The drying chamber is tunnel type and is adapted so that the hot air coming from the convection chamber circulates continuously and efficiently, thus reducing the moisture of the raw material.

The drying tunnel acts as a device that accumulates heat by increasing the ambient temperature by about 10 to 15ºC, resulting in a 10-22% reduction of the original relative humidity. The heat conversion efficiency is optimal and ranges from 50 to 75 %. 

Case 2: Prototype hybrid system for cassava drying

The drying technique used for the dehydration of fruits, grains, vegetables, meat and fish has been used for hundreds of years in a poorly technified way, and the best known method is open solar drying or natural solar dryer. 

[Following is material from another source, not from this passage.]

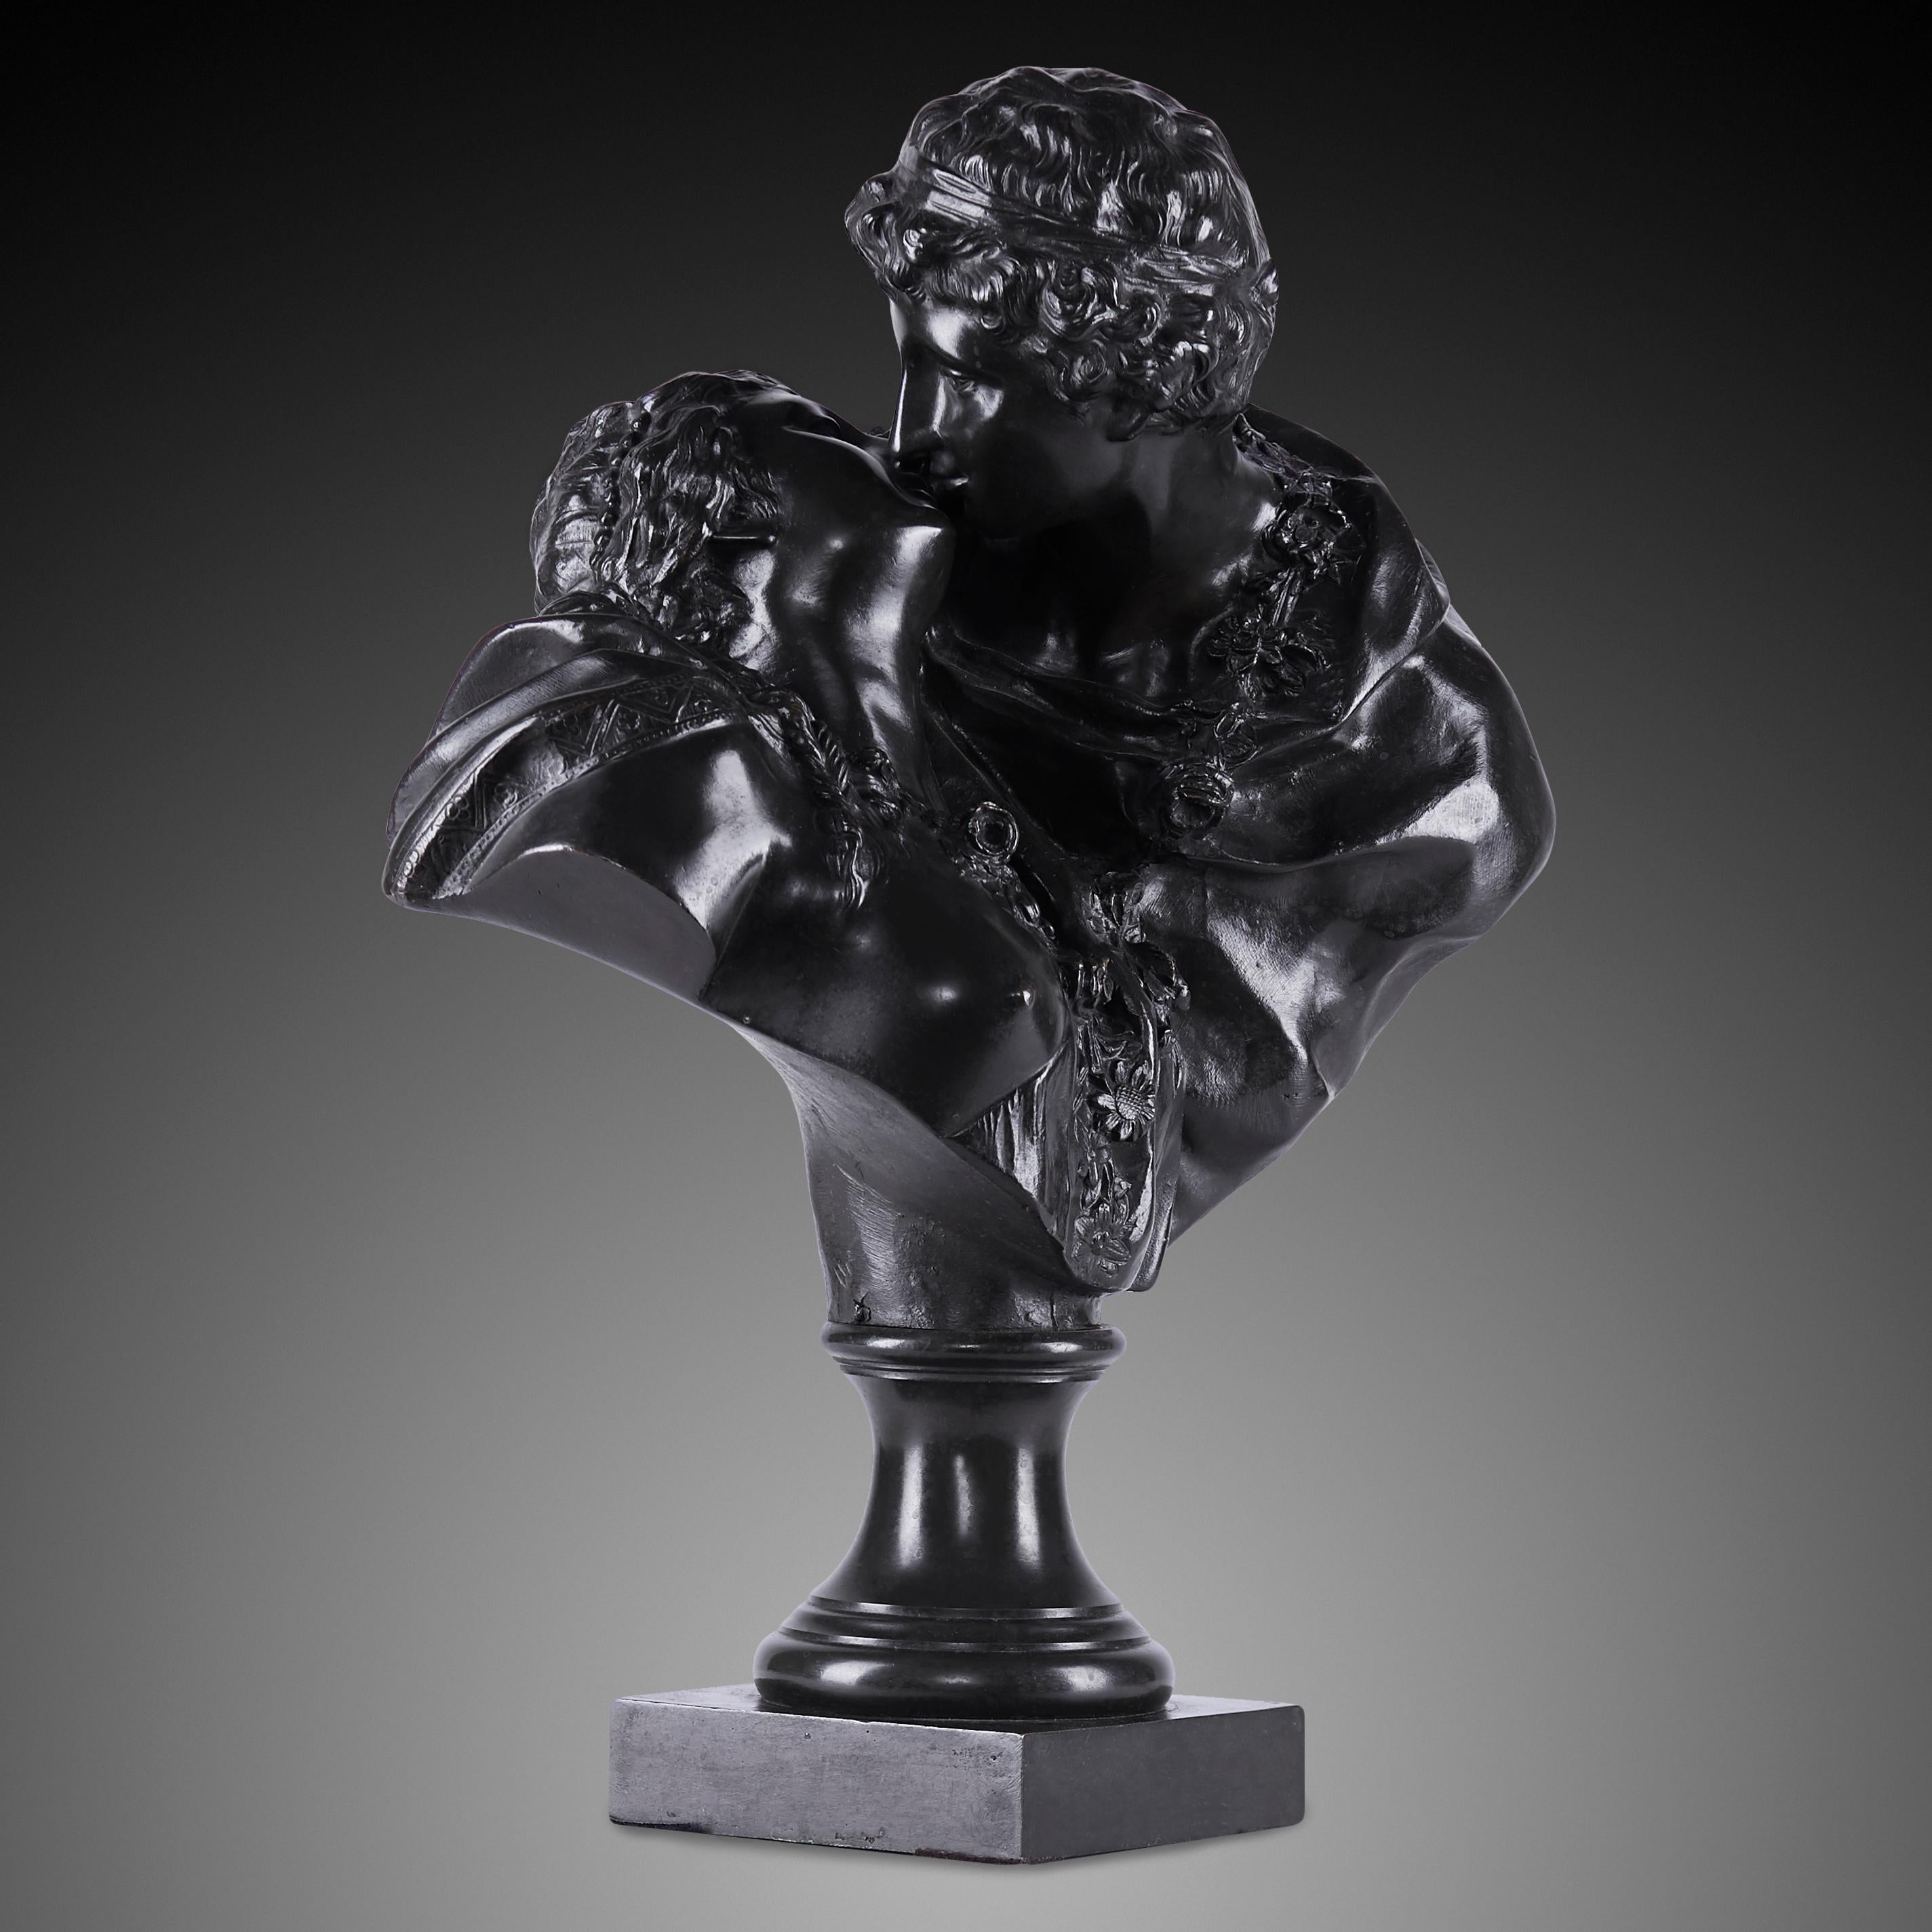 Diese Figur aus Bronze mit brauner Patina stellt ein sich umarmendes und küssendes Paar dar, das von Jean-Antoine Houdon verewigt wurde, einem französischen Bildhauer, dessen religiöse und mythologische Werke den Rokoko-Stil des 18. Auch Elemente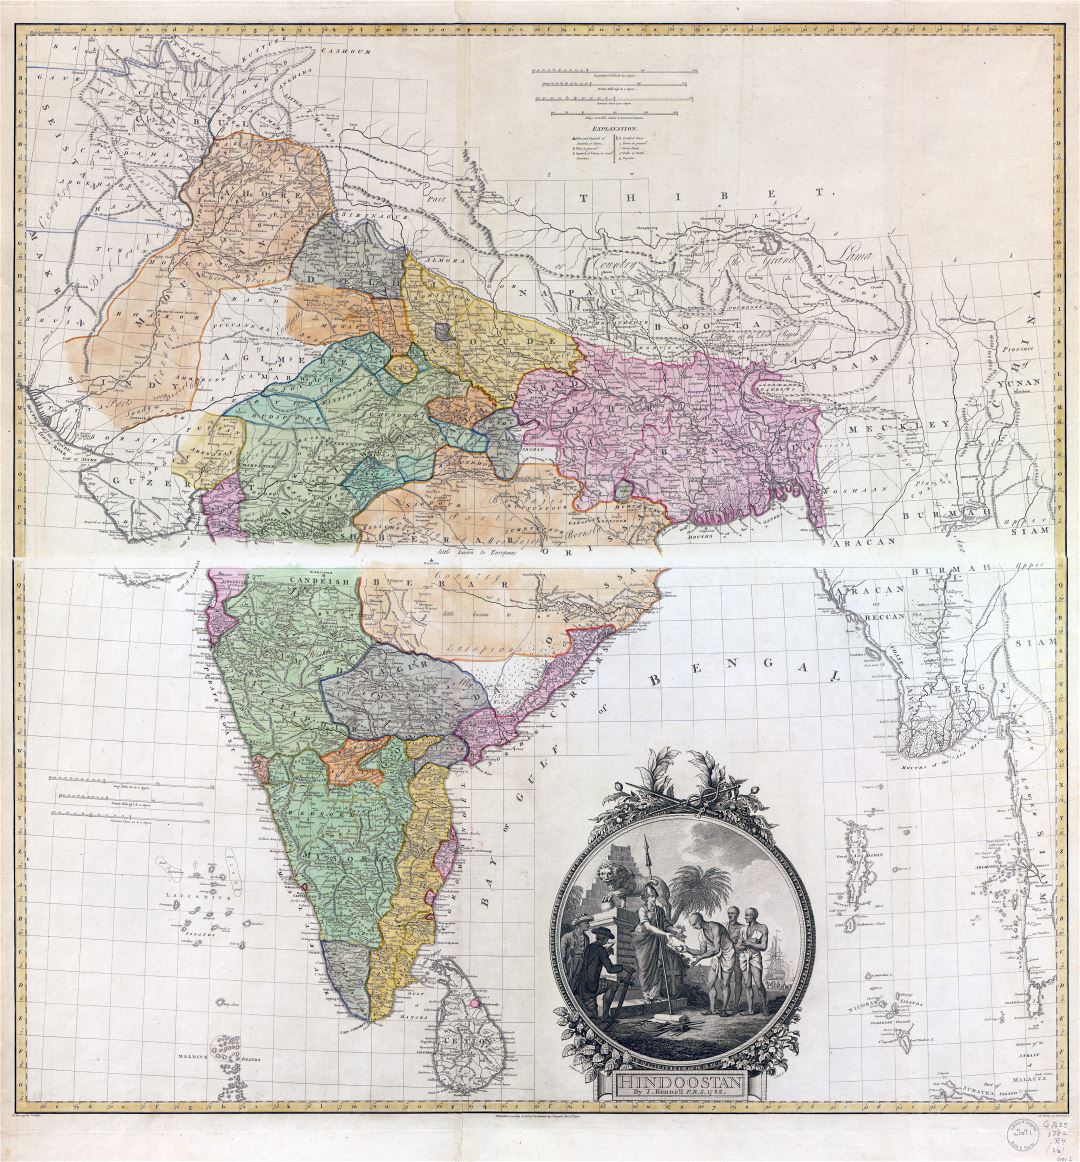 Gran escala viejo mapa detallado de Indostán (Asia del Sur) - 1782

This drying has limitations such as lack of control over the drying process, which can cause excessive drying, loss of germination grains and nutritional changes; lack of uniformity of drying, contamination by fungi, bacteria, rodents, birds or insects, weather conditions and because the speed of drying is slow and the products cannot be dried overnight must be collected and redistributed, causing loss of quality and price of the product 

This project proposes a hybrid system of heating air by biomass combustion and solar radiation, for the drying of cassava. This increases the speed of drying by the use of complementary thermal sources and continuity also through the use of paraffin (phase change material) as thermal energy storage.

The prototype was built in the city of Montería (Colombia) combining a solar collector with paraffin and a rice husk biomass burner, to take advantage of the waste from the rice industry. Rice husk obviously has environmental advantages over other fuels, particularly in reducing sulphur and particulate emissions, and a neutral CO2 cycle, without contributing to the greenhouse effect.

• The solar collector was designed to heat air to dry 5 kg of cassava, with 33 cl aluminum cans filled with white paraffin, in order to increase the efficiency of the collectors.
• The biomass burner had a heat exchanger with an exchange area to keep the drying temperature at 70°C.
• A data acquisition system captures temperatures in the collectors and the dryer, as well as humidity relative to the dryer’s inlet and outlet. 

With a drying temperature of 70 °, a yucca with initial humidity of 62% approx. During the first 5 hours, the drying speed was constant and decreased to 15 hrs. where the surface film of the liquid has completely evaporated.

The construction of the hybrid system used a centrifugal fan of 0.5 Kw that provides drying air with the engine to meet a maximum air flow in the system of 3200 m3/h. The fan was attached to the collectors through a PVC pipe.

Each collector was built with a box of oak painted black with a thickness of 2 cm and area of just over 1 m2, an aluminum absorbing plate of 0.7 mm thick black color (to absorb the most solar radiation) and a transparent glass cover 77x137.1 mm and 4 mm thick. 

Inside each of the solar collectors are located 33 cl aluminum cans filled with white paraffin.